*** Provided material Section Begins ***

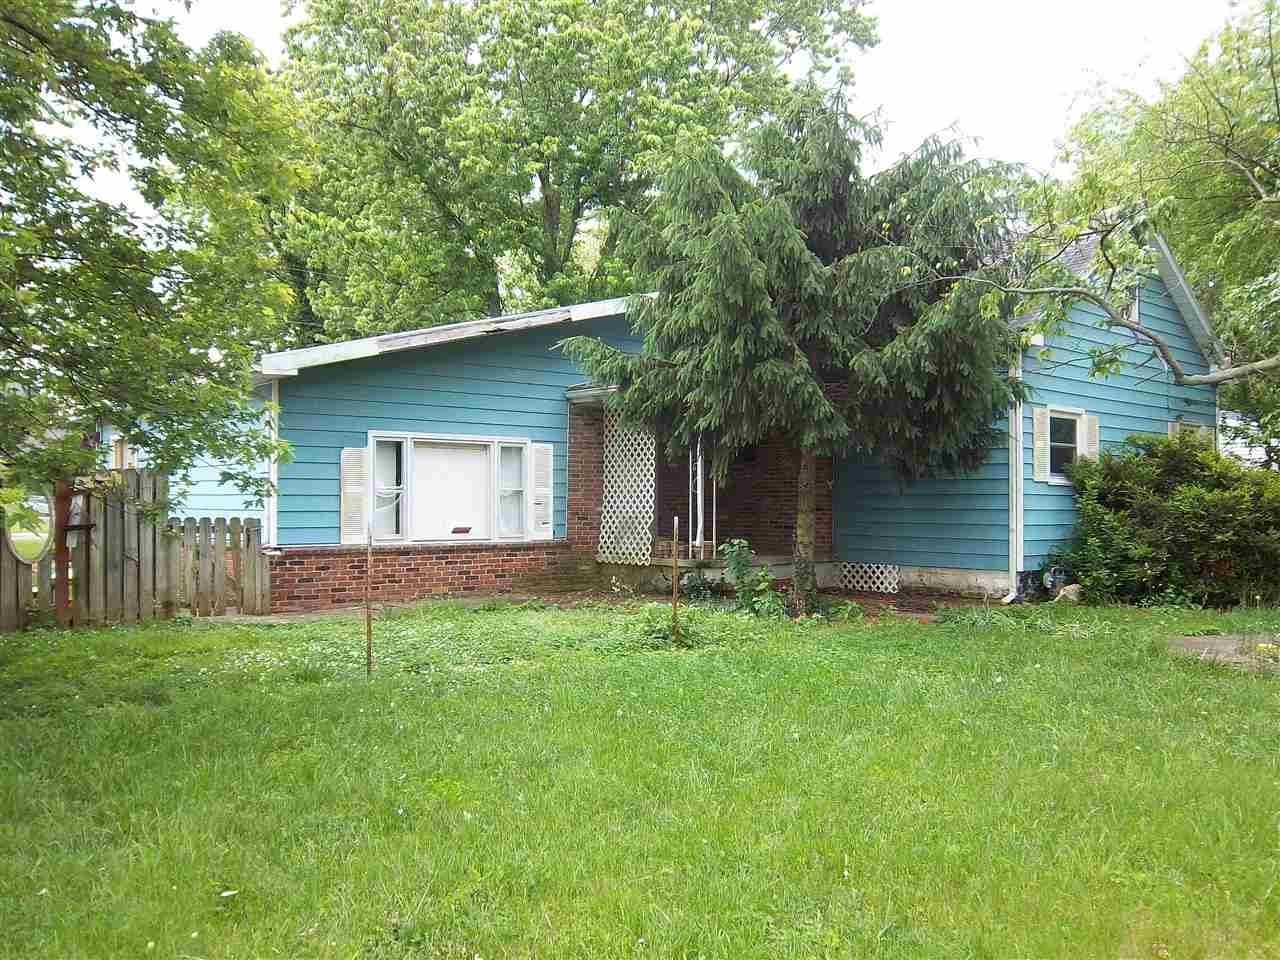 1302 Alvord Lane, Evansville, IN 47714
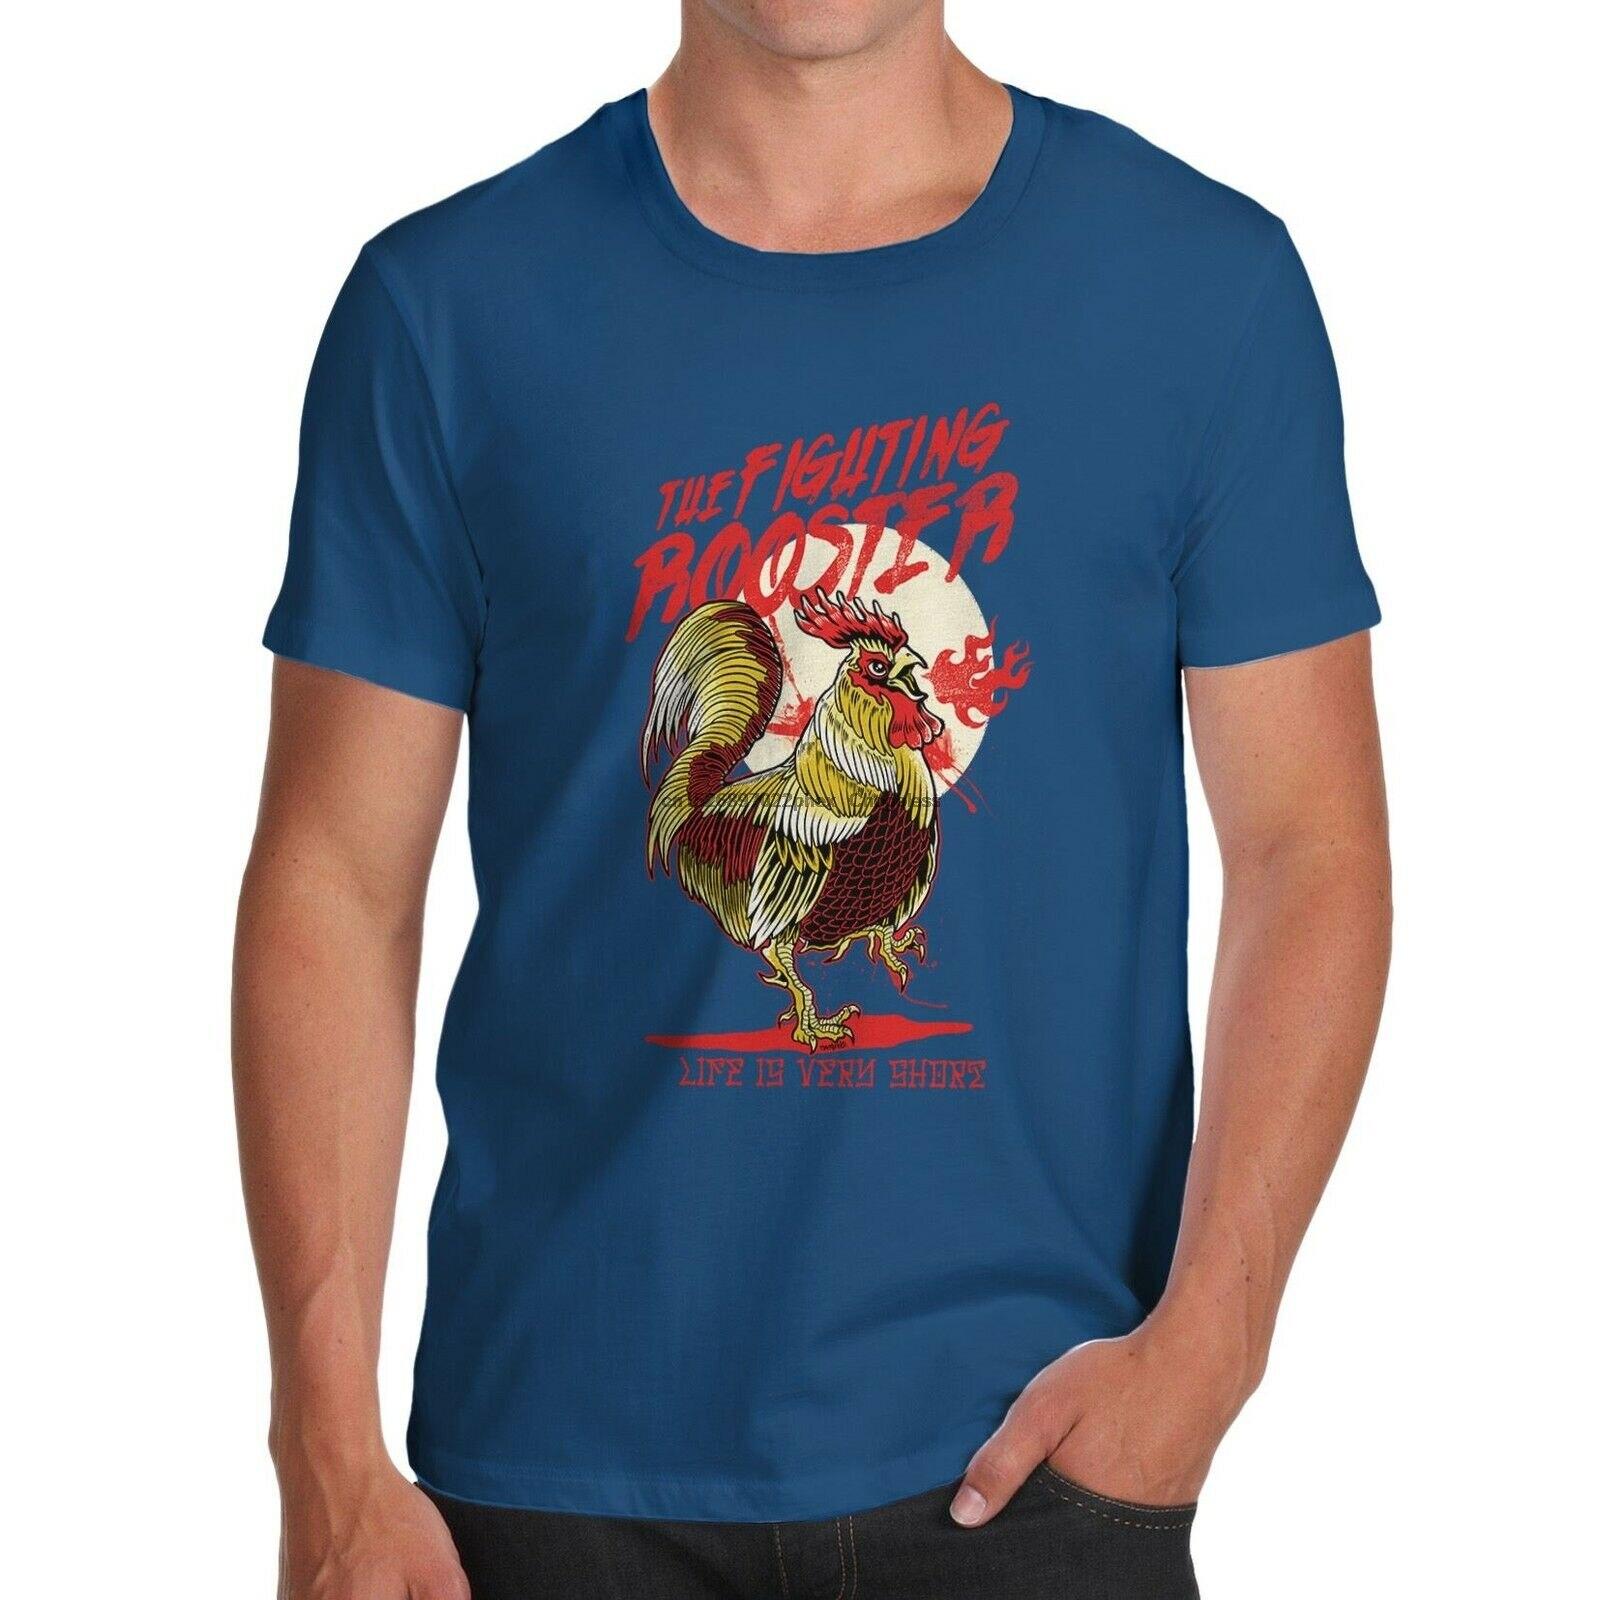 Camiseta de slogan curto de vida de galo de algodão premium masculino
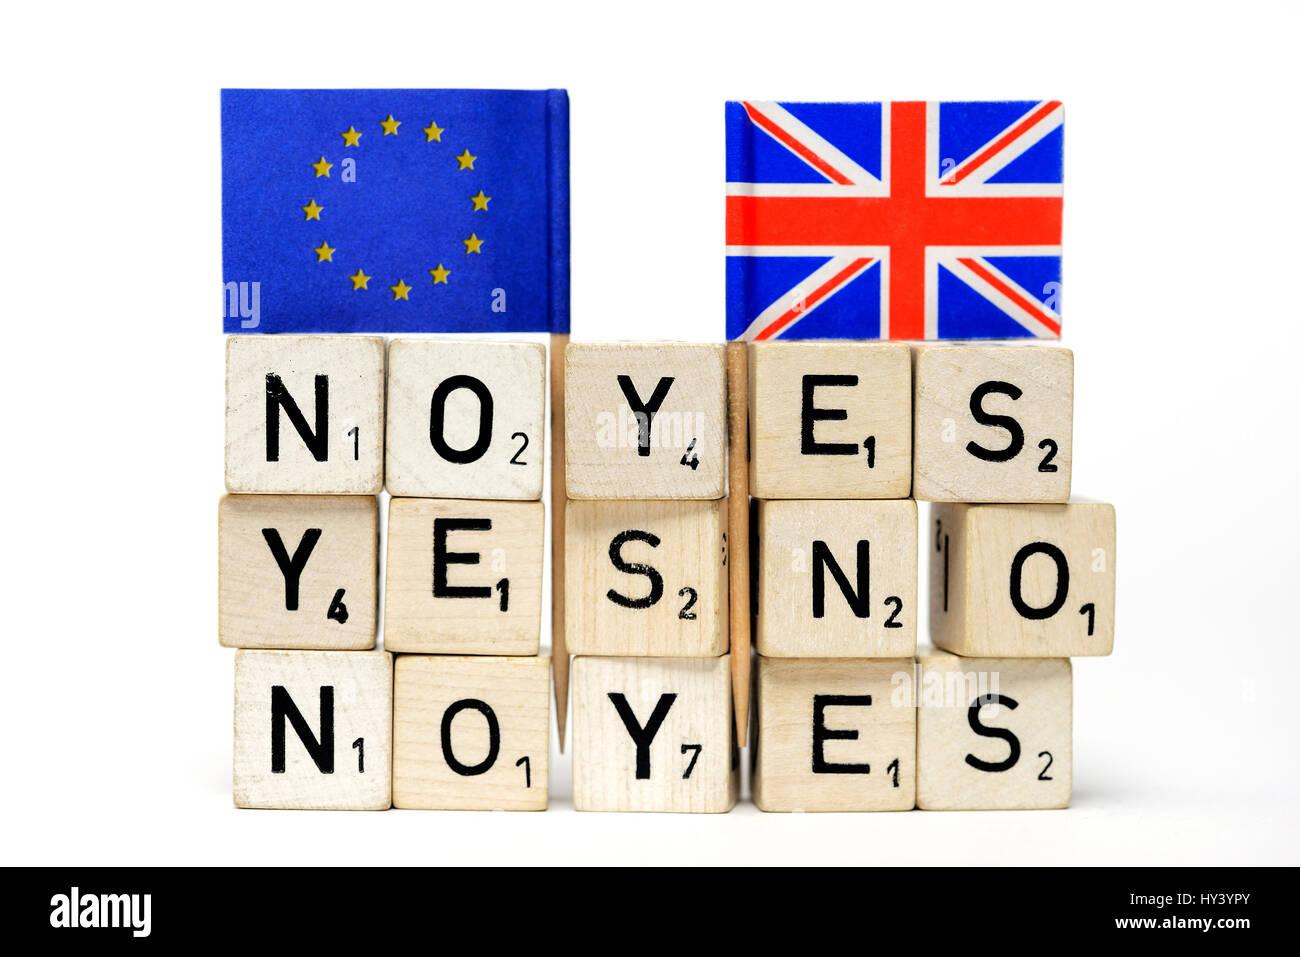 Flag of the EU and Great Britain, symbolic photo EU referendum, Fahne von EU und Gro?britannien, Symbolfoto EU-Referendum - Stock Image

*** Provided material Section Ends ***

**What to work on**
All of the data gets printed again exactly; the pictures do not.

**Answer section**
 1302 Alvord Lane, Evansville, IN 47714
 Camiseta de slogan curto de vida de galo de algodão premium masculino
 Flag of the EU and Great Britain, symbolic photo EU referendum, Fahne von EU und Gro?britannien, Symbolfoto EU-Referendum - Stock Image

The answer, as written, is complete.